Machine Learning Engineer
Machine Learning Engineers design, build, and maintain machine learning systems to solve real-world problems. This course provides a foundation in programming, data analysis, and statistical concepts, which are fundamental for understanding and applying machine learning algorithms. The skills gained in this course will be valuable for individuals aspiring to become Machine Learning Engineers.
Quantitative Analyst
Quantitative Analysts (Quants) use mathematical and statistical models to analyze financial data and make investment decisions. This course provides a solid foundation in programming and data analysis, which are essential skills for Quants. By mastering these skills, learners can enhance their understanding of financial data and develop the analytical abilities required for success in this field.
Research Analyst
Research Analysts conduct in-depth research and analysis to provide insights and recommendations on various industries, companies, and markets. This course offers a comprehensive overview of data analysis techniques, programming, and statistical concepts, which are essential for conducting rigorous research and analyzing data effectively. The skills gained in this course will be highly valuable for individuals pursuing a career as a Research Analyst.
Software Engineer
Software Engineers design, develop, and maintain software systems. This course provides a foundation in programming, data structures, and algorithms, which are essential for Software Engineers. By mastering these skills, learners can enhance their understanding of software development principles and best practices, preparing them for a successful career in software engineering.
Statistician
Statisticians collect, analyze, interpret, and present data to derive meaningful insights and inform decision-making. This course provides a comprehensive overview of statistical concepts and data analysis techniques, which are essential for a Statistician. By mastering these skills, learners can develop a strong foundation in statistical analysis and prepare for a career in this field.
Data Engineer
Data Engineers design, build, and maintain data pipelines and infrastructure to support data analysis and decision-making. This course provides a foundation in data management, programming, and data analysis, which are essential for Data Engineers. By mastering these skills, learners can develop the technical expertise required to succeed in this growing field.
Business Analyst
Business Analysts bridge the gap between business and technology, analyzing business processes and identifying areas for improvement. This course provides a foundation in data analysis, programming, and statistical concepts, which are valuable for Business Analysts. By mastering these skills, learners can develop a deeper understanding of data-driven decision-making and enhance their ability to contribute to business strategy.
Health Data Analyst
Health Data Analysts leverage data analysis techniques to improve patient care and healthcare systems. This course provides a foundation in programming, data analysis, and statistical concepts, which are essential for Health Data Analysts. By mastering these skills, learners can develop the expertise required to analyze healthcare data and contribute to evidence-based decision-making in the healthcare industry.
Financial Analyst
Financial Analysts analyze financial data and make recommendations on investments and financial decisions. This course provides a foundation in programming, data analysis, and statistical concepts, which are valuable for Financial Analysts. By mastering these skills, learners can develop a deeper understanding of financial data and enhance their ability to make informed investment decisions.
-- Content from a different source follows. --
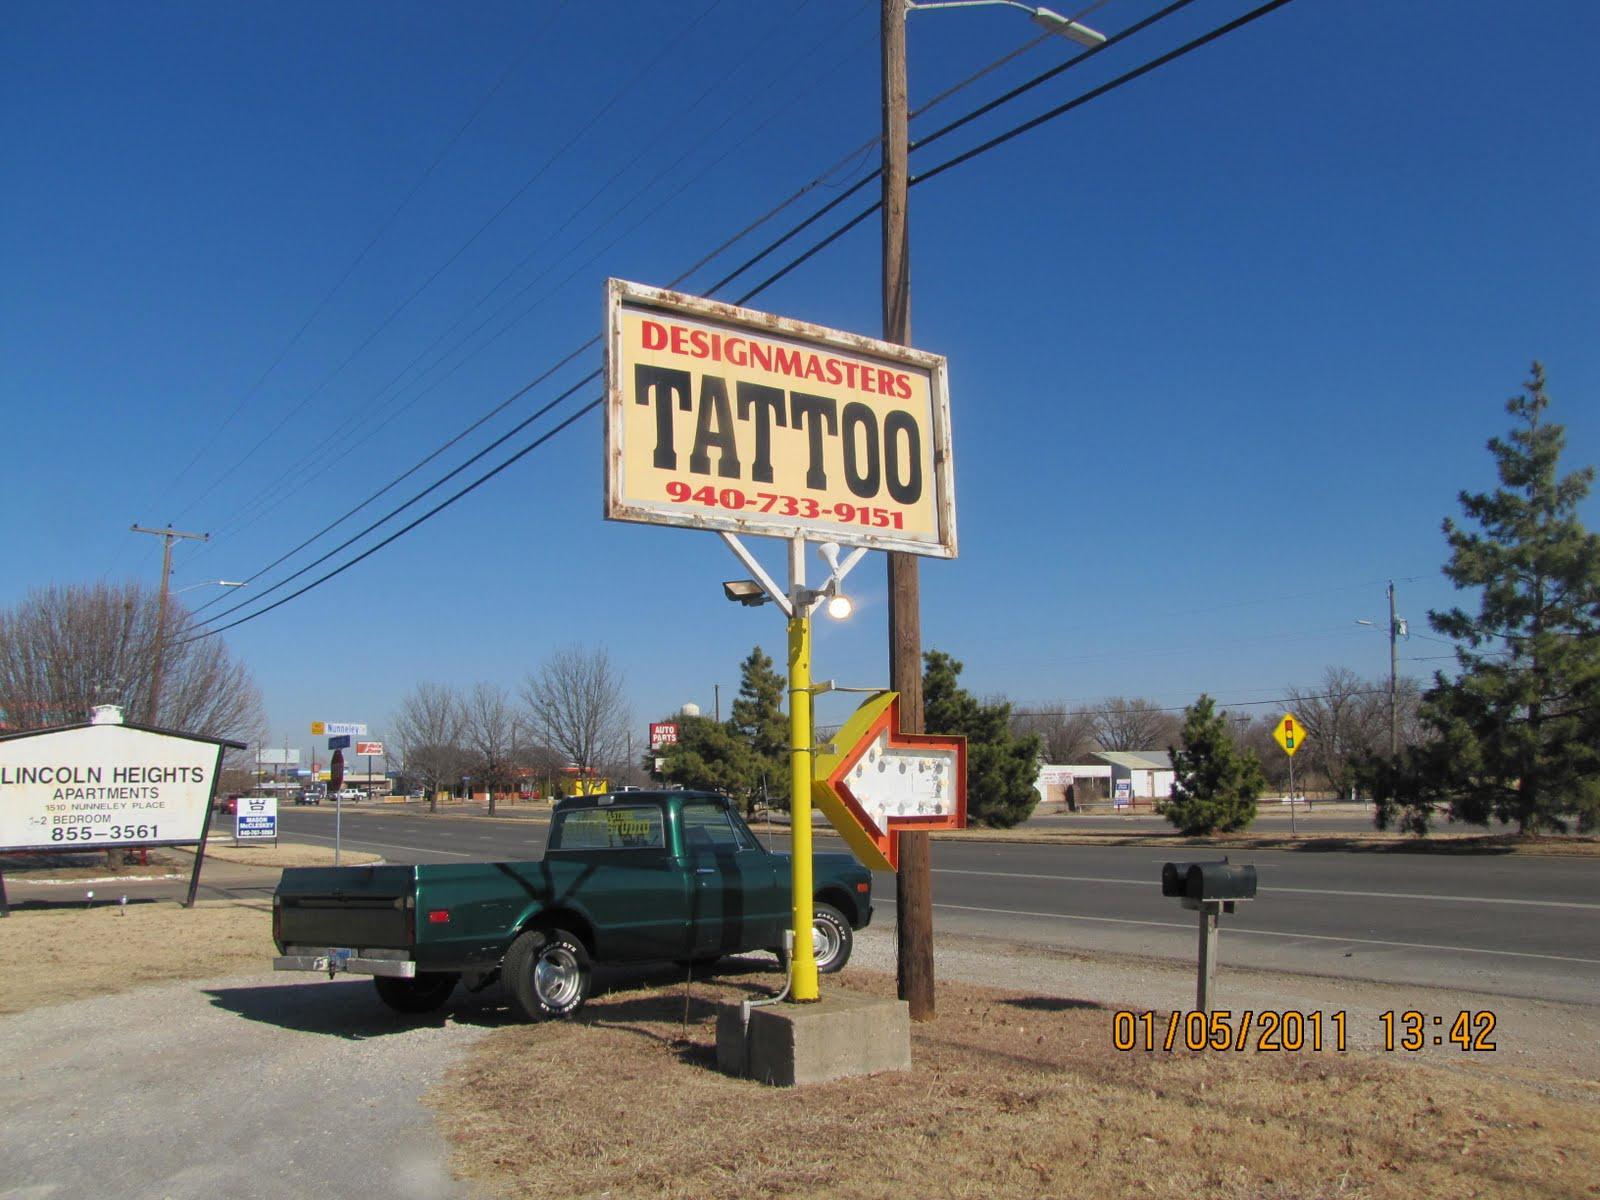 north texas bikers iv designmasters tattoo studio 1 5 2011

Operations Research Analyst
Operations Research Analysts use mathematical and analytical techniques to solve complex problems in various industries. This course provides a foundation in programming, data analysis, and statistical concepts, which are valuable for Operations Research Analysts. By mastering these skills, learners can develop the analytical abilities required to identify and solve operational challenges effectively.
Epidemiologist
Epidemiologists investigate the distribution and determinants of health-related events and diseases in populations. This course provides a foundation in programming, data analysis, and statistical concepts, which are valuable for Epidemiologists. By mastering these skills, learners can develop the analytical abilities required to identify and analyze patterns of disease occurrence and contribute to public health initiatives.
Biostatistician
Biostatisticians apply statistical methods to analyze biological data and draw conclusions about health and disease. This course provides a foundation in programming, data analysis, and statistical concepts, which are essential for Biostatisticians. By mastering these skills, learners can develop the expertise required to analyze complex biological data and contribute to advancements in biomedical research.

Reading list

We've selected nine books that we think will supplement your learning. Use these to develop background knowledge, enrich your coursework, and gain a deeper understanding of the topics covered in Fundamental Skills in Bioinformatics.
Focuses specifically on Python programming for bioinformatics and provides a thorough introduction to the Python language and its applications in bioinformatics. It covers topics such as sequence analysis, data visualization, and machine learning, and is suitable for both beginners and experienced programmers.
Provides a comprehensive introduction to data science using R. It covers topics such as data manipulation, data visualization, and statistical modeling, and is suitable for both beginners and experienced programmers.
Provides a comprehensive overview of bioinformatics and functional genomics. It covers topics such as DNA sequencing, gene expression analysis, and comparative genomics, and is suitable for both beginners and experienced researchers.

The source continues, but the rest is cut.